Functional Programming (4)-delve into the Scala function class

Since it is functional programming, it is naturally unavoidable to know more about the function:

Methods are not equal to functions (function)

The method is not a function but can be converted into a function, can be converted by hand or automatically converted by the compiler (compiler) in appropriate cases. A reverse conversion is not a function that cannot be converted to a method. Let's take a look at the following example:

1 scala> def amethod (x:int): int = x +2amethod: (x:int) Int34 Scala> ; Val afunction = (x:int) + x +5 afunction:int = Int = <function1>

Amethod and afunction are different in type. And look at the following:

1 scala> afunction2 res0:int = Int = <function1>34 scala> Amethod 5  for method Amethod; 6  This method with ' _ ' If you want to treat it as a partially applied function7               Amethod

The reference method must provide a complete list of parameters, and the reference function is not required. Convert the method into a function? In the parameter position with _ to convert:

1 scala> val tofunction = Amethod _2 tofunction:int = Int = <function1>3 4 scala> tofunction5 res2:int = Int = <function1>

The function is characterized by amethod conversion into function tofunctions.

We call the function "first class value", which can be used as the parameter or return value of a higher-order function. However, the method is not a "first class value" and cannot be used as a parameter. So how do you explain the code in the example below?

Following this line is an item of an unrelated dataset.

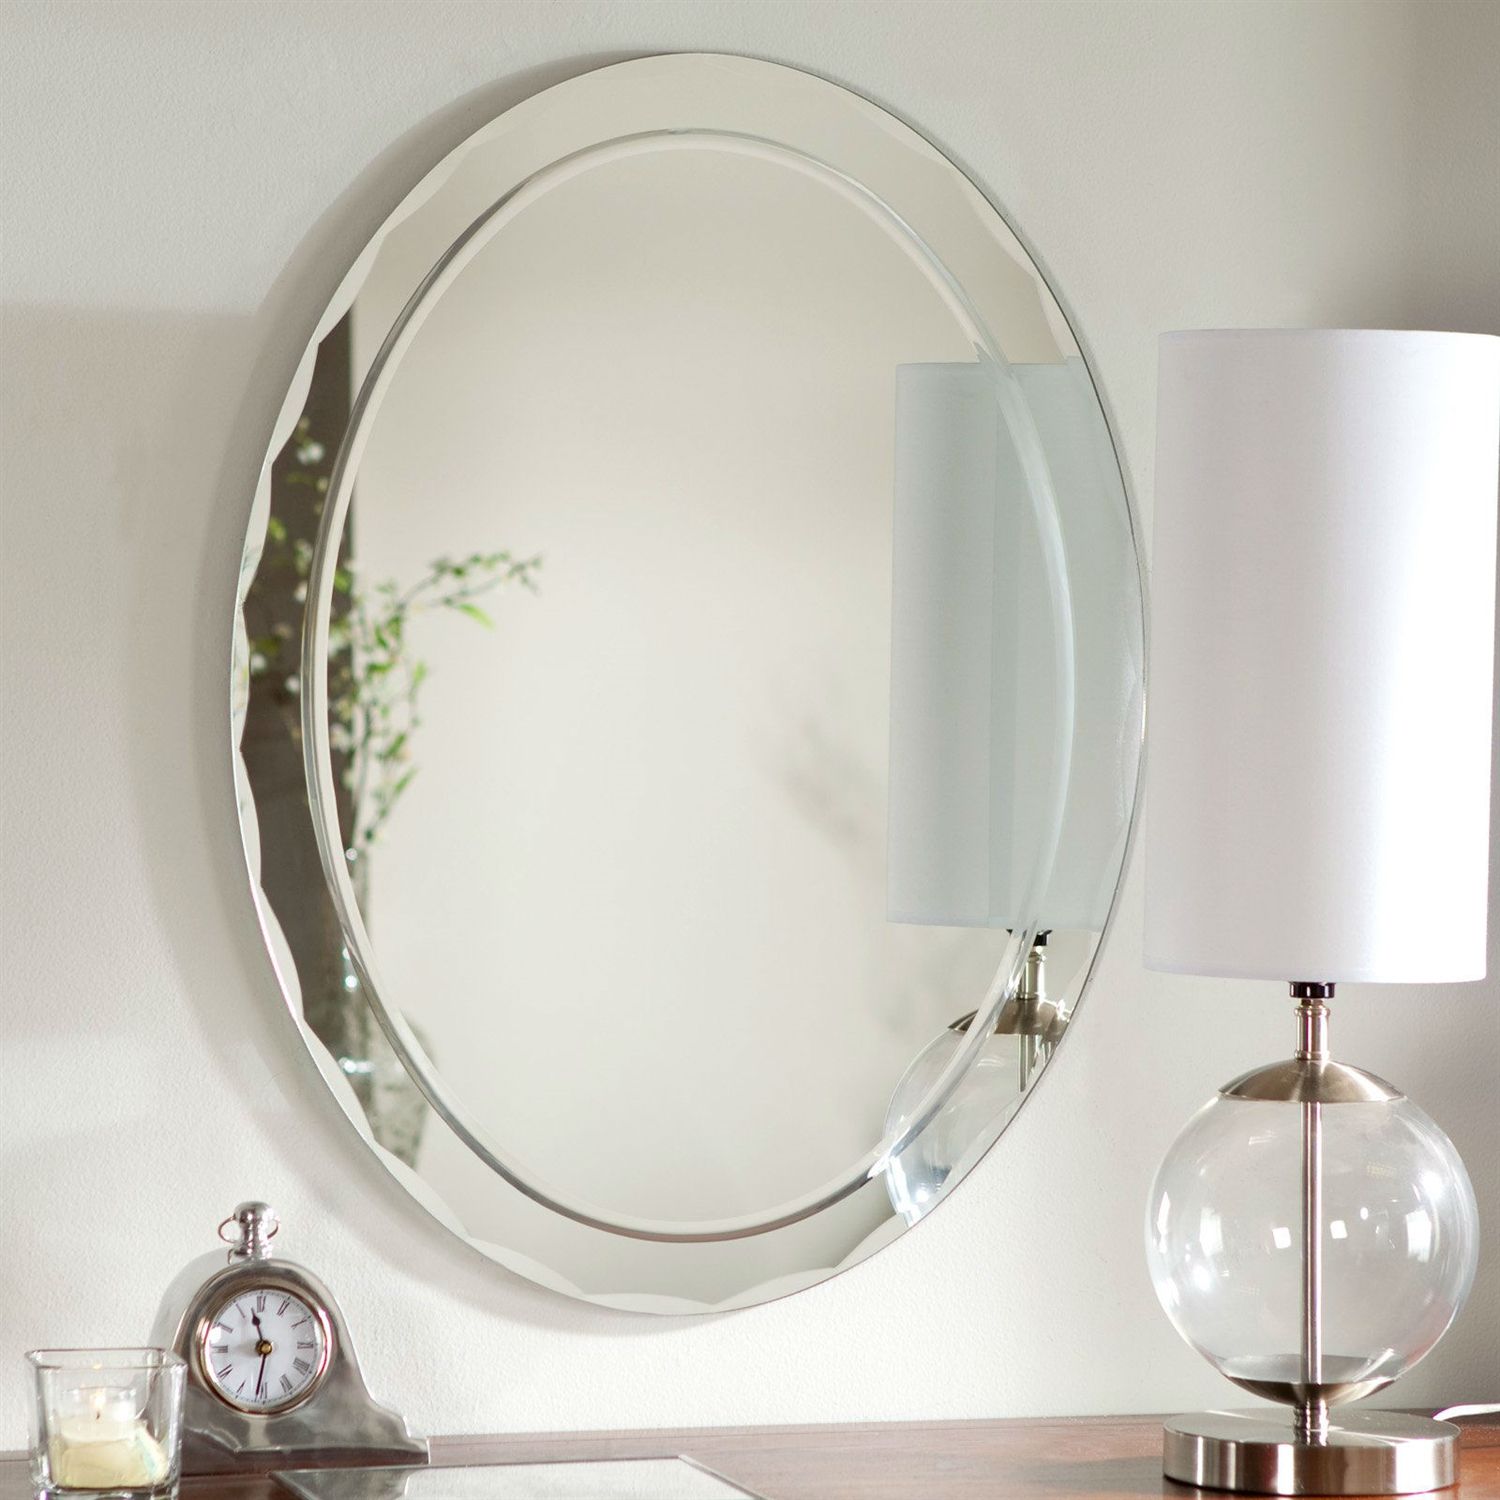 Oval Frameless Bathroom Vanity Wall Mirror With Beveled Edge Scallop Border Throughout Round Scalloped Edge Wall Mirrors (View 11 of 15)

1def main (args:array[string]): Unit = {2println (FormatResult ("absolute value", 42, ABS))3println (FormatResult ("factorial", 7, factorial))4println (FormatResult ("Increment", 7, (x:int) = x + 1))5println (FormatResult ("Increment2", 7, (x) = x + 1))6println (FormatResult ("Increment3", 7, x = x + 1))7println (FormatResult ("Increment4", 7, _ + 1))8println (FormatResult ("Increment5", 7, X = = {Val r = x + 1; R}))9}

Here ABS, factorial are the methods. Is it OK to pass in the higher order function FormatResult? Here is the result after the run:

1 The absolute value of-42 is2 the factorial of 7 are 50403 The increment of 7 is 84 The Increment2 of 7 is 85 The Increment3 of 7 are 86 The increment4 of 7 is 87 the INCREMENT5 of 7 is 8

Nothing wrong. Can the method be used as an incoming parameter? In fact, this program is automatically converted by the compiler at compile time. Scala's compilers can convert methods to functions where functions are needed.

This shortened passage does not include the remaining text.